Mutate using the value only:

my_superdict.vapply(lambda v: v * 2)
# {'aabb': 2, 'aacc': 4, 'bbaa': 2}

Mutate using the key only:

my_superdict.kapply(lambda k: k[0])
# {'aabb': 'a', 'aacc': 'a', 'bbaa': 'b'}

A combination of both:

my_superdict.kvapply(lambda k, v: k[0] + str(v))
# {'aabb': 'a1', 'aacc': 'a2', 'bbaa': 'b1'}

Setting and getting in nested dictionaries

Example data:

import pytups as pt
indent_dict = {'a': {'b': {'c': 'A'}}, 'b': {'t': {'d' : 'B'}}}
my_superdict = pt.SuperDict.from_dict(indent_dict)

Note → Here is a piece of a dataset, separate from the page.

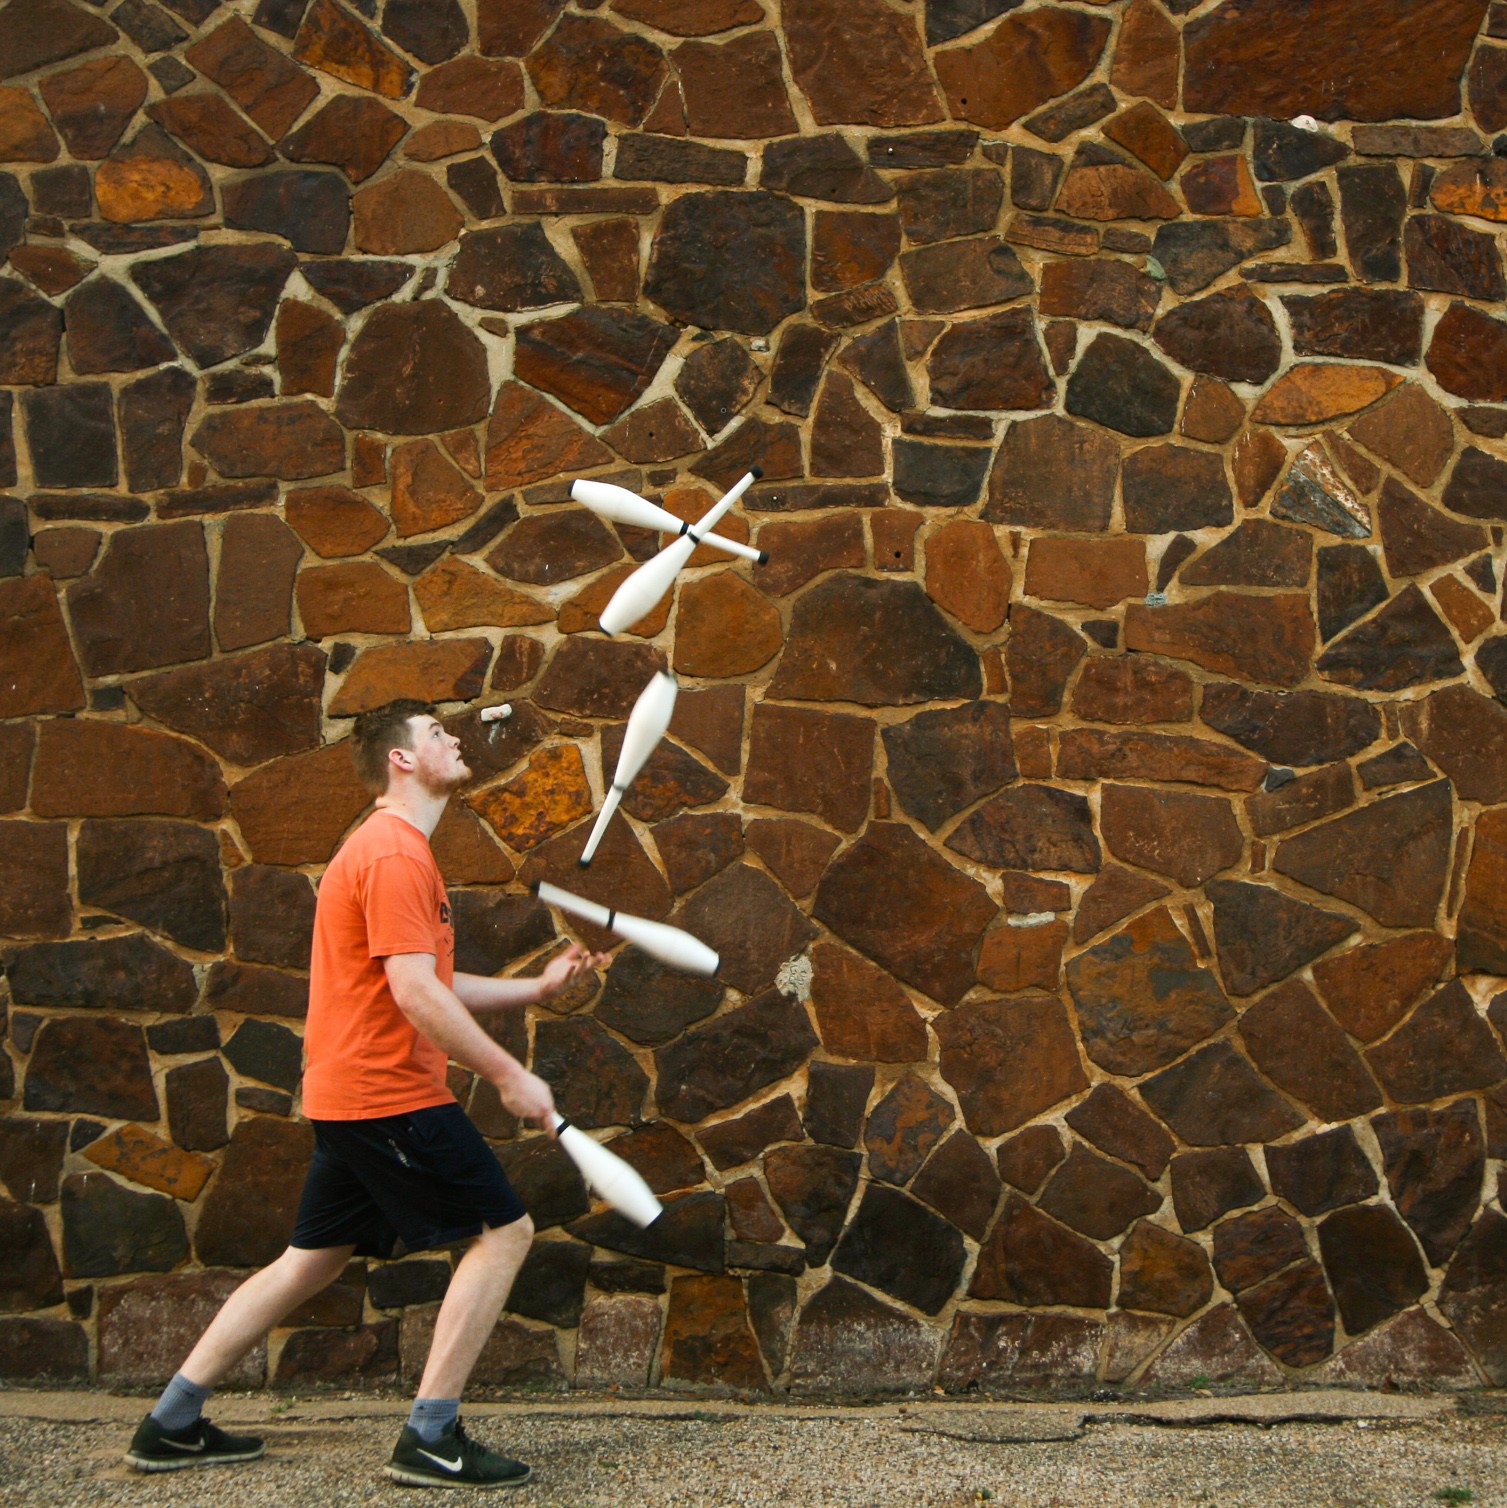 Spencer Androli juggling clubs next to stone wall

Getting an path of values:

my_superdict.get_m('a', 'b', 'c')
# 'A'
my_superdict.get_m('a', 'c')
# None

Setting a path of values:

my_superdict.set_m('a', 'c', value='R')
# {'a': {'b': {'c': 'A'}, 'c': 'R'}, 'b': {'t': {'d': 'B'}}}

Aggregating

Aggregating a dictionary requires doing: SuperDict –> TupList –> SuperDict:

import pytups as pt
my_dict = pt.SuperDict({('a', 'b'): 1, ('a', 'c'): 2, ('f', 'c'): 3})

my_dict.to_tuplist().to_dict(indices=0, result_col=2).vapply(sum)
result = (
    my_dict
    # convert to TupList -> [('a', 'b', 1), ('a', 'c', 2), ('f', 'c', 3)]
    .to_tuplist()
    # convert to dict of lists -> {'a': [1, 2], 'f': [3]}
    .to_dict(indices=0, result_col=2).
    # sum each list -> {'a': 3, 'f': 3}
    vapply(sum)
)
# {'a': 3, 'f': 3}

TupLists

Lists of tuples of any size.

Example:

import pytups as pt
_list = [('a', 'b', 'c', 1), ('a', 'b', 'c', 2), ('a', 'b', 'c', 3),
        ('r', 'b', 'c', 1), ('r', 'b', 'c', 2), ('r', 'b', 'c', 3)]
tuplist = pt.TupList(_list)
tuplist.filter([0, 2]).unique()
# [('a', 'c'), ('r', 'c')]
tuplist.to_dict(result_col=3, is_list=True)
# {('a', 'b', 'c'): [1, 2, 3], ('r', 'b', 'c'): [1, 2, 3]}
tuplist.filter_list_f(lambda x: x[0] <= 'a')
# [('a', 'b', 'c', 1), ('a', 'b', 'c', 2), ('a', 'b', 'c', 3)]

Compress using start-stop

A specific use case of tuplists is reducing combinations of possibilities to start-stop combinations.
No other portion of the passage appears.